Page MenuHomePhabricator

Client recentchanges entries sometimes don't have their wb_changes.change_id reference set
Open, LowPublic

Description

Apparently some (but not all) recentchanges rows which we inject into wikibase clients don't have their "id" (referring to wb_changes.change_id on the repo) set:

wikiadmin@10.64.32.115(enwiki)> SELECT rc_params FROM recentchanges WHERE rc_id = 1245837094 LIMIT 1\G
*************************** 1. row ***************************
rc_params: a:1:{s:20:"wikibase-repo-change";a:14:{s:2:"id";N;s:9:"object_id";s:8:"Q5538841";s:4:"type";s:20:"wikibase-item~update";s:11:"revision_id";s:10:"1147155130";s:7:"user_id";s:5:"95338";s:4:"time";s:14:"20200331142533";s:11:"entity_type";s:4:"item";s:7:"page_id";i:5299020;s:9:"parent_id";i:1034014476;s:7:"comment";s:120:"/* wbsetreference-add:2| */ [[Property:P7859]]: lccn-n87895055, [[:toollabs:quickstatements/#/batch/25615|batch #25615]]";s:6:"rev_id";i:1147155130;s:9:"user_text";s:16:"Vladimir Alexiev";s:15:"central_user_id";i:15868969;s:3:"bot";i:0;}}
1 row in set (0.00 sec)
php > print_r(unserialize('a:1:{s:20:"wikibase-repo-change";a:14:{s:2:"id";N;s:9:"object_id";s:8:"Q5538841";s:4:"type";s:20:"wikibase-item~update";s:11:"revision_id";s:10:"1147155130";s:7:"user_id";s:5:"95338";s:4:"time";s:14:"20200331142533";s:11:"entity_type";s:4:"item";s:7:"page_id";i:5299020;s:9:"parent_id";i:1034014476;s:7:"comment";s:120:"/* wbsetreference-add:2| */ [[Property:P7859]]: lccn-n87895055, [[:toollabs:quickstatements/#/batch/25615|batch #25615]]";s:6:"rev_id";i:1147155130;s:9:"user_text";s:16:"Vladimir Alexiev";s:15:"central_user_id";i:15868969;s:3:"bot";i:0;}}'));
Array
(
    [wikibase-repo-change] => Array
        (
            [id] => 
            [object_id] => Q5538841
            [type] => wikibase-item~update
            [revision_id] => 1147155130
            [user_id] => 95338
            [time] => 20200331142533
            [entity_type] => item
            [page_id] => 5299020
            [parent_id] => 1034014476
            [comment] => /* wbsetreference-add:2| */ [[Property:P7859]]: lccn-n87895055, [[:toollabs:quickstatements/#/batch/25615|batch #25615]]
            [rev_id] => 1147155130
            [user_text] => Vladimir Alexiev
            [central_user_id] => 15868969
            [bot] => 0
        )

)

AFAICT we don't use this information anywhere, so one course of action could be to simply remove the reference.

Event Timeline

This could happen when an insert to wb_changes fails?
Not sure how much this is worth digging into or even trying to remove?
How hard do you think it would be to remove? I guess this would only be removal of the id from the data stored in the recentchanges row?

This could happen when an insert to wb_changes fails?

No idea, but that might be the cause. No idea if this is even happening still.

Not sure how much this is worth digging into or even trying to remove?

Not much IMO… but then again, having this around in a broken state could cause trouble later on (eg. if something starts using that field).

How hard do you think it would be to remove? I guess this would only be removal of the id from the data stored in the recentchanges row?

Trivial, but we need to make sure that nothing reads from this again (the ticket is ~1y old by now).

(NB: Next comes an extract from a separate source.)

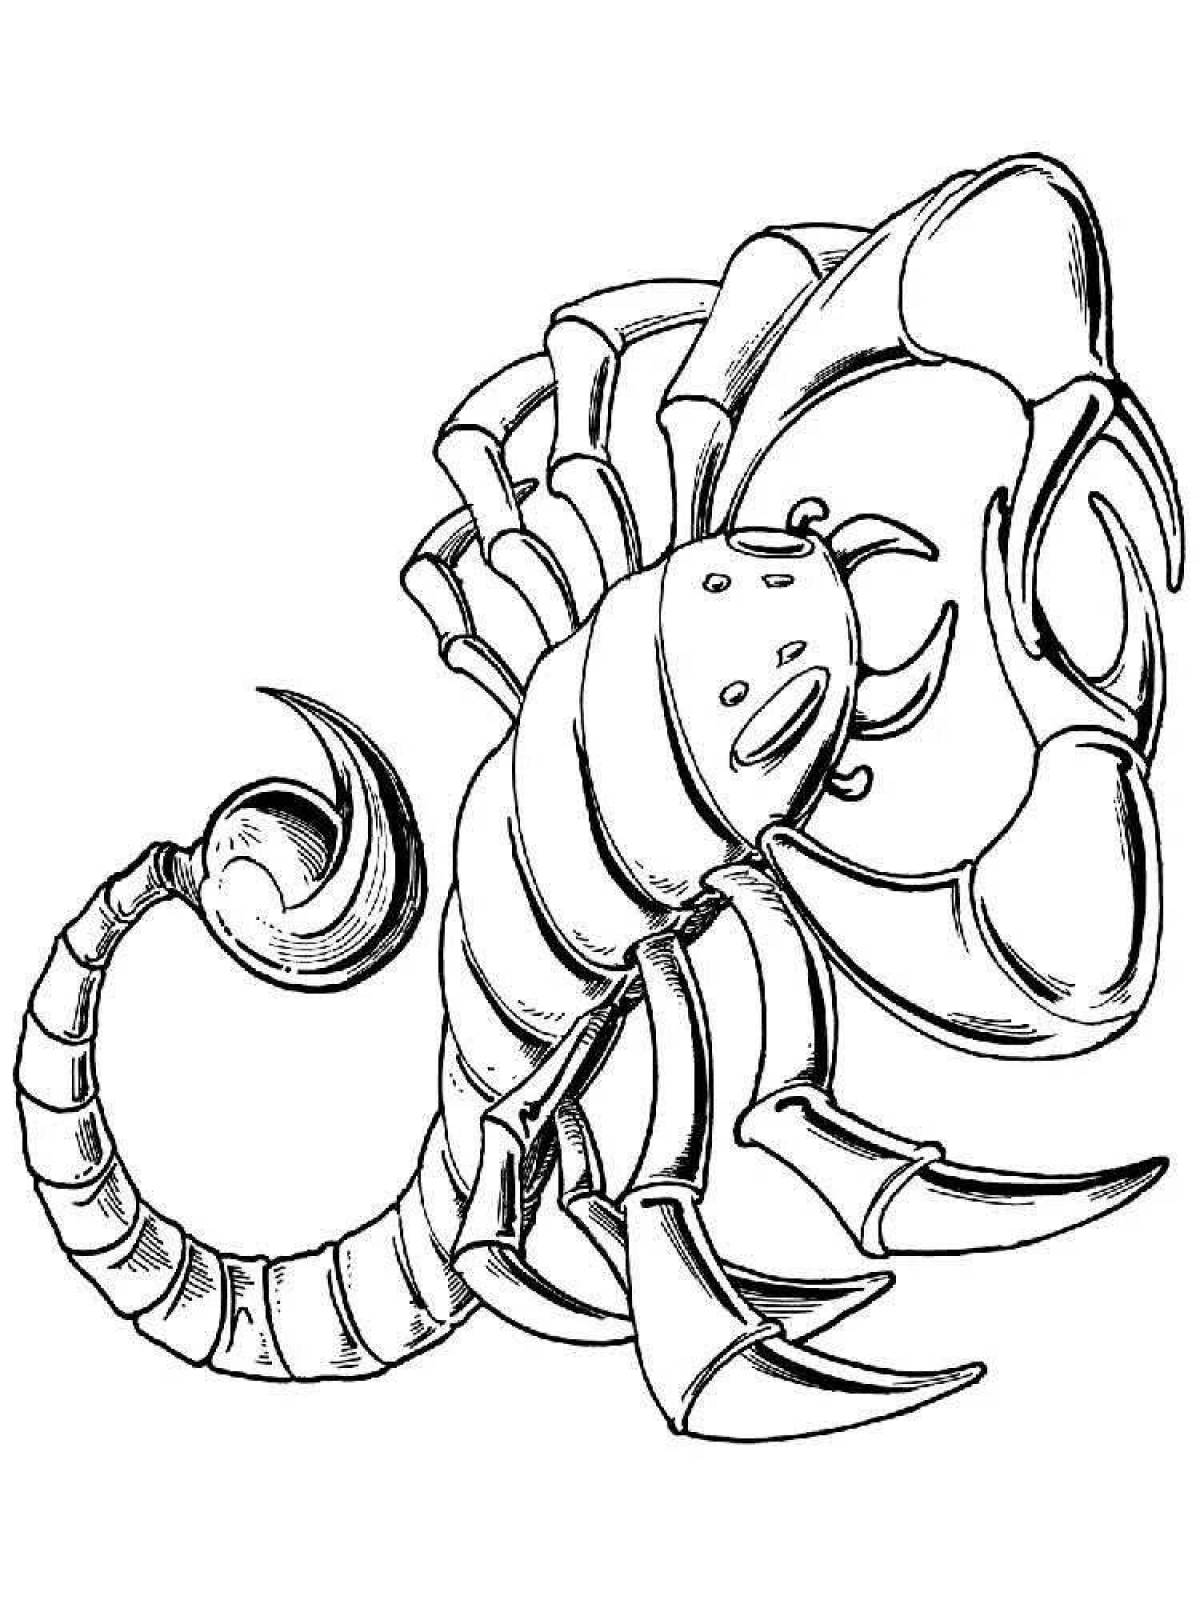 Elegant scorpion coloring page

Quickly looking through https://codesearch.wmcloud.org/search/?q=change_id&i=nope&files=&excludeFiles=&repos= I don't see any usages of this from the recent changes side of things.

And seemingly this does still happen quite a bit

image.png (1×835 px, 164 KB)

mysql:research@dbstore1003.eqiad.wmnet [enwiki]> select (rc_params LIKE "%s:2:\"id\";N%") as nullId, COUNT(*) from recentchanges where rc_source = "wb" GROUP BY nullId limit 1
0;
+--------+----------+
| nullId | COUNT(*) |
+--------+----------+
|      0 |  1080833 |
|      1 |   177750 |
+--------+----------+
2 rows in set (6.029 sec)

So 14% of recent changes on enwiki don't have this field.

@hoo could you give the codesearch a once over to see if you see any usages?
If not I'd say lets remove it to avoid any accidently usages etc and trim the data a bit?